Prompt: The argument relies on the assumption that
Difficulty: 🌕🌕🌕🌕
How will the right answer fit in terms of support and conclusion?
Only the right answer will be support for the conclusion that doesn’t bring in anything new. That’s a simpler but still totally effective way of saying only the right answer must be true if the conclusion is true.
Highlight the main conclusion in the passage, if there is one:
to significantly improve the soil structure, farmers will need to abandon the use of chemical fertilizers.
[BACKGROUND]. As a result, [SUPPORT]. So [CONCLUSION].
This is pretty tricky. First you gotta key in on “As a result” and recognize the author is claiming cause-and-effect. What is the poor soil a result of? The conclusion makes it sound like “chemical fertilizers” are the cause, but the first sentence makes it sound like the fertilizer caused farmers to “abandon…growing a ‘green-manure’ crop”, and that’s what caused the soil problem.

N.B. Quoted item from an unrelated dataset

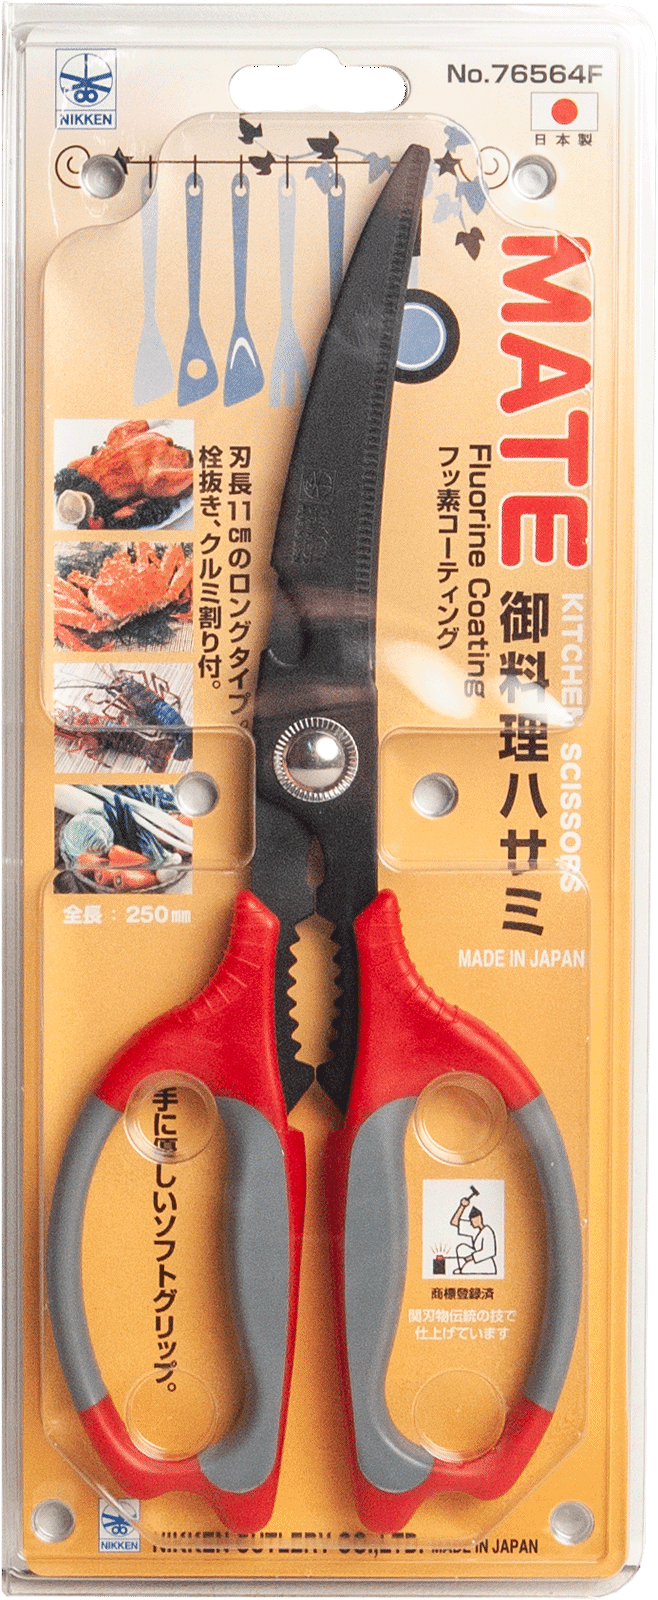 Japanese scissors Curved blade flourine coated 1

So maybe the farmers could start doing the green-manure crops again and improve the soil, even though they’d still also be using the chemical fertilizer. See what I’m saying? If that works, it blows up the conclusion.
Map the wording of the answers to the wording of the passage:
(A) …will periodically grow alfalfa.
Ooh careful. Alfalfa was just an example of a group of crops in the passage, so the argument couldn’t rely on that. The farmers could just as easily grow some other “‘green-manure’ crop”.
(B) applying chemical fertilizers to green-manure crops…
This answer is getting itself mixed up. There’s nothing in the passage about using chemicals on the green-manure crops. This definitely doesn’t support the conclusion anyway, since it doesn’t connect at all to improving the soil.
(C) the most important factor…
There’s absolutely no comparison of factors in soil quality in the passage. Only soil structure even gets mentioned. So no way the author is assuming which factor is “most important”.
(D) chemical fertilizers themselves have a destructive effect…
I get why this would look good, but if you picked it you’re making the same assumption the author is. The fertilizers don’t have to have a “destructive effect”, as long as farmers will only grow the beneficial green-manure crops when they’re not using chemical fertilizers. Something tells me that’s what (E) is gonna say.
(E) …farmers in the region will not grow green-manure crops unless…
Boom! Now we’re seeing the whole cause-and-effect chain. The passage said the chemical fertilizers caused them to ditch the green-manure crops. But it didn’t say they couldn’t have kept doing both. This answer is explaining that “many, if not all” wouldn’t do both. And that definitely needs to be true to make the conclusion work. And of course, it sticks to the subject and only talks about stuff that’s in the passage.
(E) is the correct answer.
Common pattern/s in this question: This one’s a good example of how the LSAT can make a cause-and-effect argument a bit harder. But it also shows that no matter how confusing the passage gets, the right answer maps to the same cause-and-effect relationship.